米国で進むビッグデータの相互運用性の標準化とセキュリティ:ビッグデータ利活用と問題解決のいま(2/3 ページ)
2014年5月にホワイトハウスがビッグデータ報告書を公表して早一年が経ち、米国ではビッグデータに関わるイノベーションと同時に標準化の活動も急ピッチで進んでいる。今回は最前線の動向をお伝えしよう。
包括的な枠組づくりを支えるビッグデータのユースケース
NPD-PWGにおけるステージ1の取組の成果物が、2015年4月に草案が公表された「ビッグデータ相互運用性フレームワーク・バージョン1.0」であり、ドキュメントは以下の6つの章立てで構成されている。
- M0392: Draft SP 15001 Volume 1: Definitions
- M0393: Draft SP 15002 Volume 2: Taxonomies
- M0394: Draft SP 15003 Volume 3: Use Case & Requirements
- M0395: Draft SP 15004 Volume 4: Security and Privacy
- M0396: Draft SP 15005 Volume 5: Architectures White Paper Survey
- M0397: Draft SP 15006 Volume 6: Reference Architecture
- M0398: Draft SP 15007 Volume 7: Standards Roadmap
図1は、バージョン1.0の草案で示されたNISTビッグデータ・リファレンス・アーキテクチャの全体イメージであり、システムオーケストレーター、データプロバイダー、ビッグデータアプリケーションプロバイダー、ビッグデータフレームワークプロバイダー、データコンシューマー、セキュリティ/プライバシー・ファブリック、マネジメント・ファブリックが主要な構成要素として示されている。
図1:NISTビッグデータ・リファレンス・アーキテクチャ(出典:NIST Big Data interoperability Framework Version 1.0 Working Drafts. 2015年4月)
また、個別領域の具体的なユースケースを重視しているのも、ビッグデータ相互運用性フレームワークの特徴だ。例えば、「M0394: Draft SP 15003 Volume 3: Use Case & Requirements」では、政府機関(4件)、商業(8件)、国防(3件)、健康医療/ライフサイエンス(10件)、ディープラーニング/ソーシャルメディア(6件)、天文/物理(5件)、地球/環境/極地科学(10件)、エネルギー(1件)のユースケースが収録されている。図2は、健康医療/ライフサイエンス分野のユースケース例(病理診断画像化/デジタル病理診断)を示したものであり、Hadoopによる非構造化データの分散処理がベースになっている。
図2:健康医療/ライフサイエンスのユースケース例、病理診断画像化/デジタル病理診断(出典:NIST Big Data interoperability Framework Version 1.0 Working Drafts. 2015年4月)

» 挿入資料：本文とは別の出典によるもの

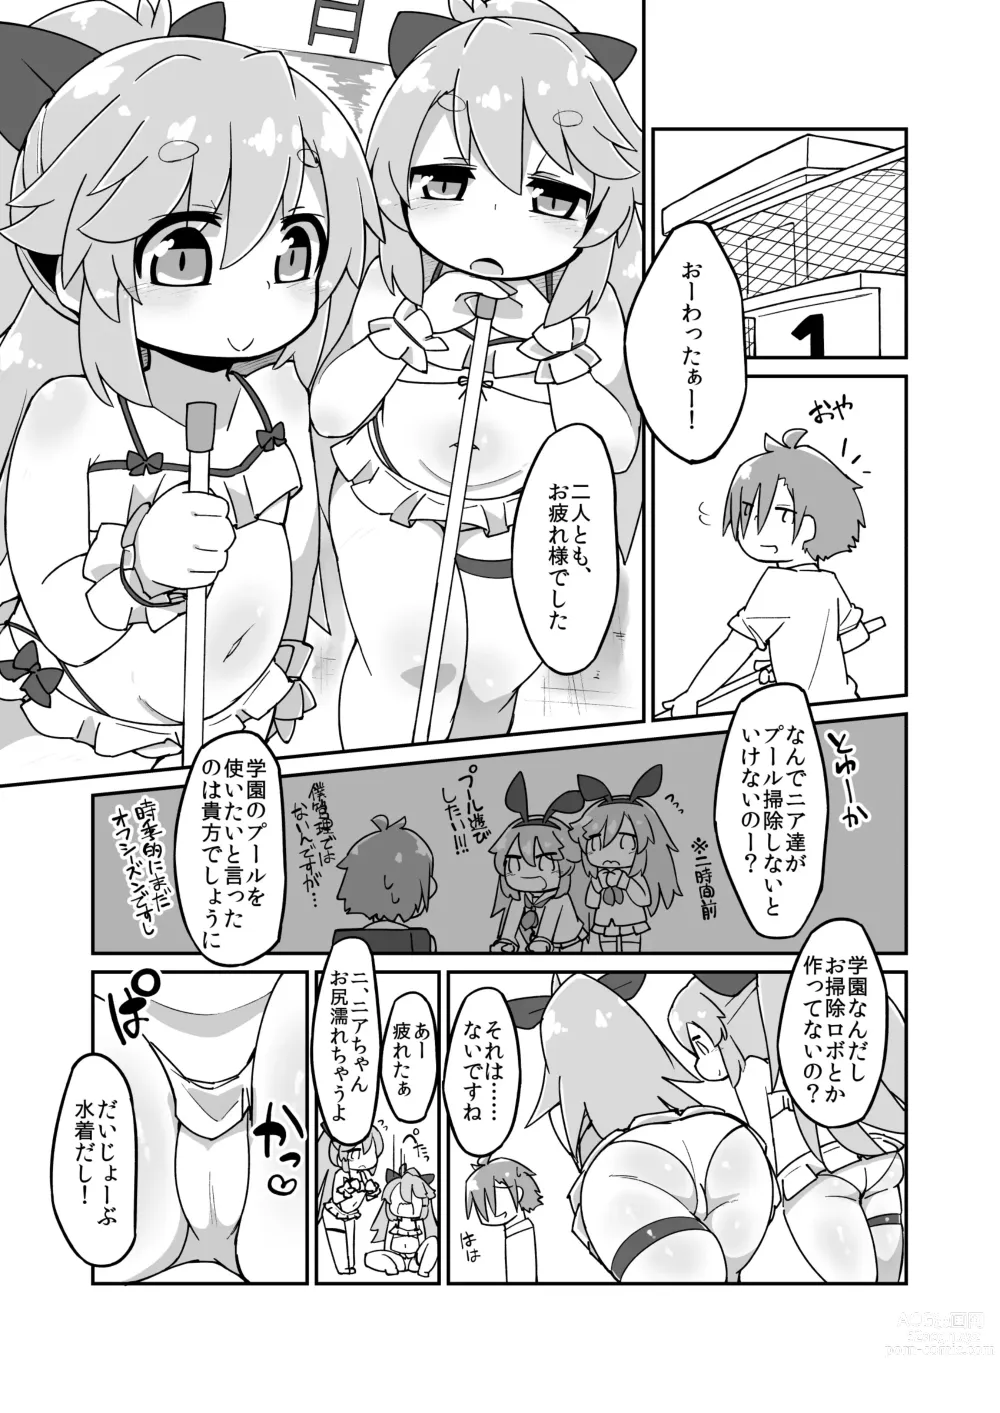 Page 1 of doujinshi Near Noah Ecchi Manga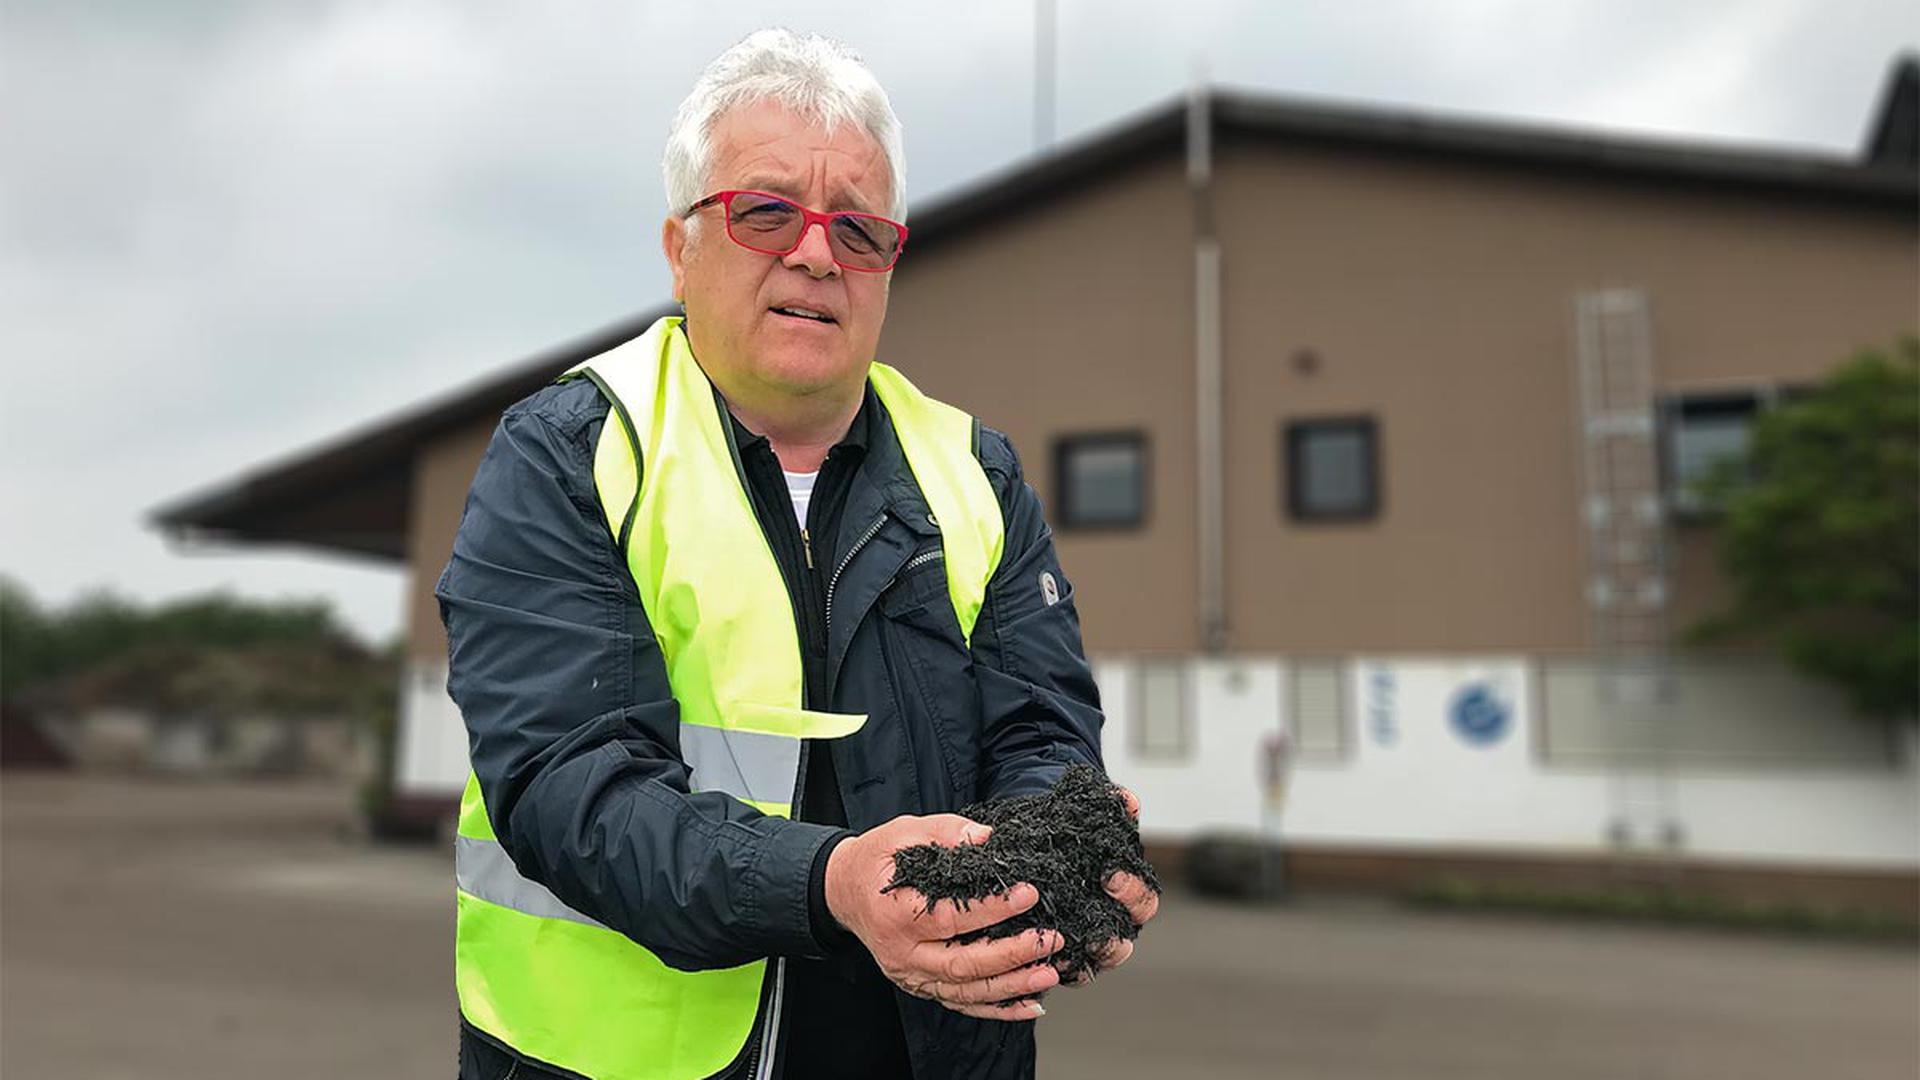 Franz Vogel ist stolz auf seinen Kompost. Die Behörden halten ihn allerdings für den Verursacher einer riesigen Umweltverschmutzung.

ビッグデータのセキュリティ/プライバシーに関しては、バージョン1.0の草案の「M0395: Draft SP 15004 Volume 4: Security and Privacy」で、以下のような構成で整理されている。
- セクション1:イントロダクション
- セクション2:ビッグデータ特有のセキュリティ/プライバシー課題
- セクション3:セキュリティ/プライバシーに関するユースケースの例示
- セクション4:セキュリティ/プライバシーの予備的な分類
- セクション5:NBDRA全体に関わるNISTビッグデータ・セキュリティ/プライバシー・リファレンス・アーキテクチャの詳細
- セクション6:セクション3で示されたユースケースのNBDRAへのマッピング
- Appendix A:ビッグデータ採用のためのセキュリティ/プライバシー関連トピック候補
- Appendix B:クラウド技術に関する情報
- Appendix C:分類で示された用語/定義一覧
- Appendix D:本文書で利用された略語一覧
- Appendix E:本文書の参考文献一覧
なお、NPD-PWGのフレームワーク策定作業には「クラウドセキュリティアライアンス(CSA)」のビッグデータワーキンググループ(BDWG)からウィルコ・ヴァン・ジンケル氏(Verizon)とアルナブ・ロイ氏(米富士通研究所)が参画しており、本連載第1回で取り上げた「セキュリティ/プライバシーにおける10大脅威」の「インフラストラクチャセキュリティ」「データプライバシー」「データ管理」「完全性と事後対策的なセキュリティ」なども引用されている。現在CSAのBDWGは、ユースケース集「Big Data Security and Privacy Handbook : 100 Best Practices in Big Data Security and Privacy」の策定作業を行っているところだ。